И опять выключил энергию. Дядя Петя согнулся возле горна с красной железкой в руке, и лицо его от угасающего пламени покраснело. И вообще все в кузне стало красным: холодное железо, инструменты, Иван Трофимович и наш фаэтон. Дядя Петя свернул самокрутку, прикурил от железки и деловито включил рубильник. Начальник цеха ругаться не стал и даже не потребовал объяснительной. Он поджал губы, метнул взгляд на рубильник и ушел.
Когда мы мастерили фаэтон, Иван Трофимович вообще перестал ругаться на моего кузнеца, не грозился наказать или уволить. Он терпел и лишь морщился, будто от застаревшей зубной боли, и, если бы не глаза за стеклами железных очков, сроду бы не узнать, что есть эта боль.

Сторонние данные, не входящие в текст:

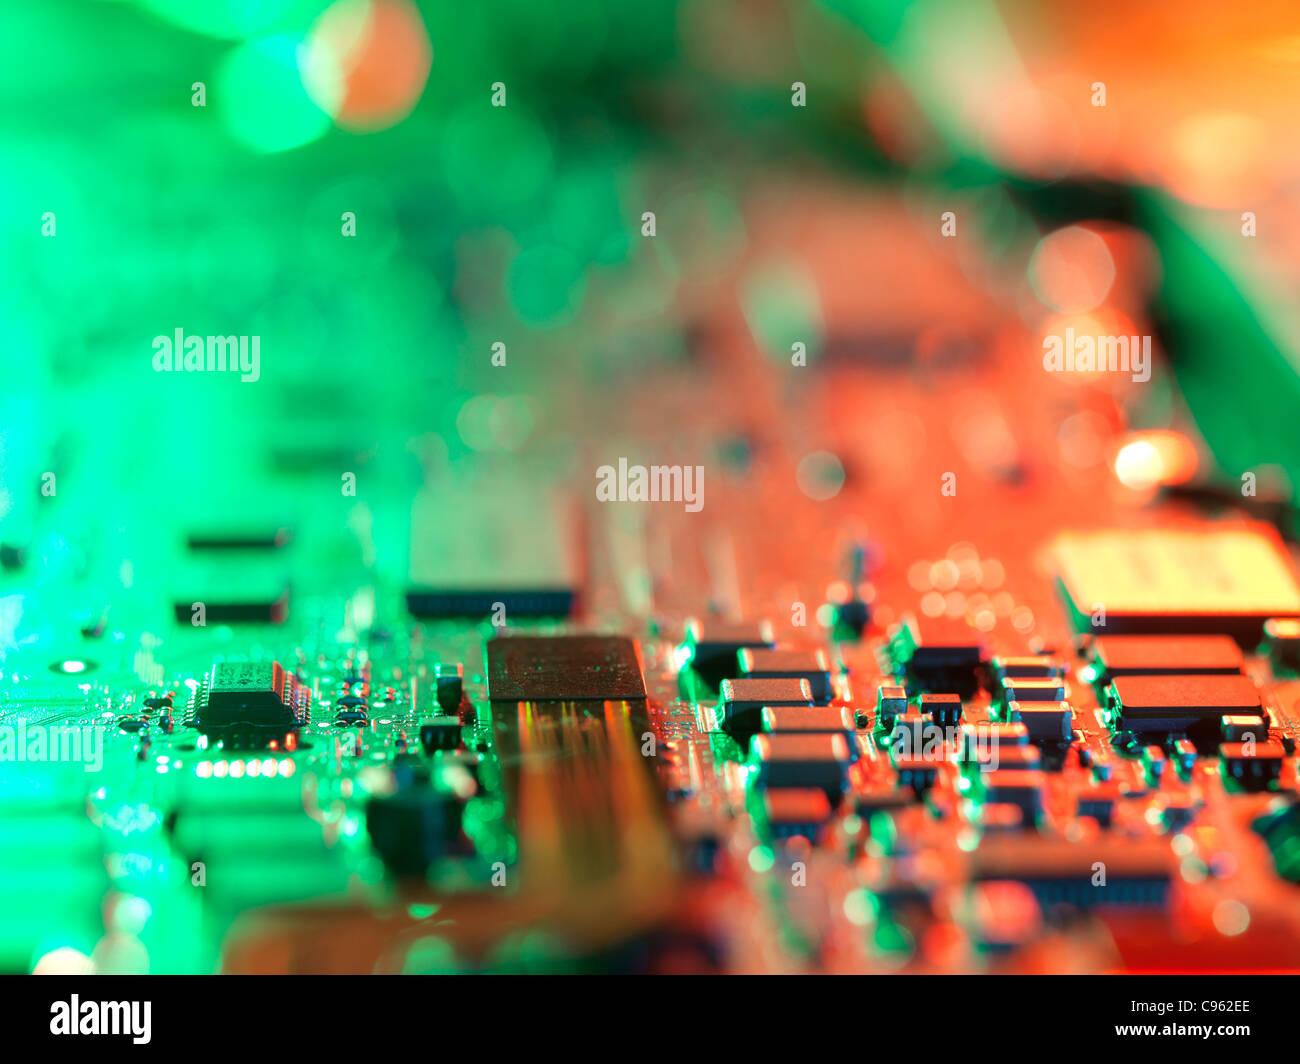 Laptop circuit board. - Stock Image

Однажды я пришел на работу чуть раньше остальных кузнецов и еще от промкомбинатовских ворот увидел, что кто-то крутится возле фаэтона, раскачивает его, пробуя рессоры. Фаэтон стоял без колес, на колодках, и мог свалиться с них, а то и опрокинуться.
— Эй! — крикнул я и побежал. — Чего тебе надо?
В утренних сумерках от фаэтона отделился человек, и я узнал начальника цеха. Иван Трофимович засмеялся и отошел еще дальше в сторону.
— Вот, — сказал он и протянул мне связку подшипников. — Заказчик пожелал делать колеса под этот подшипник. Ты передай Рудмину.
Если бы тогда еще знать, что заказчик «переобует» фаэтон в свои колеса, мы бы деревянные и делать не стали. По-моему, дядя Петя больше переживал не оттого, что карету увезли, не сказав мастеру спасибо, а из-за того, что выбросили «родные» колеса на свалку и надели мотоциклетные, на резиновом ходу. Конечно, на таких колесах ездить приятнее, однако вид у фаэтона мгновенно испортился: колеса были одинакового размера, что задние, что передние, отчего фаэтон присел на задок, как лошадь на больные ноги.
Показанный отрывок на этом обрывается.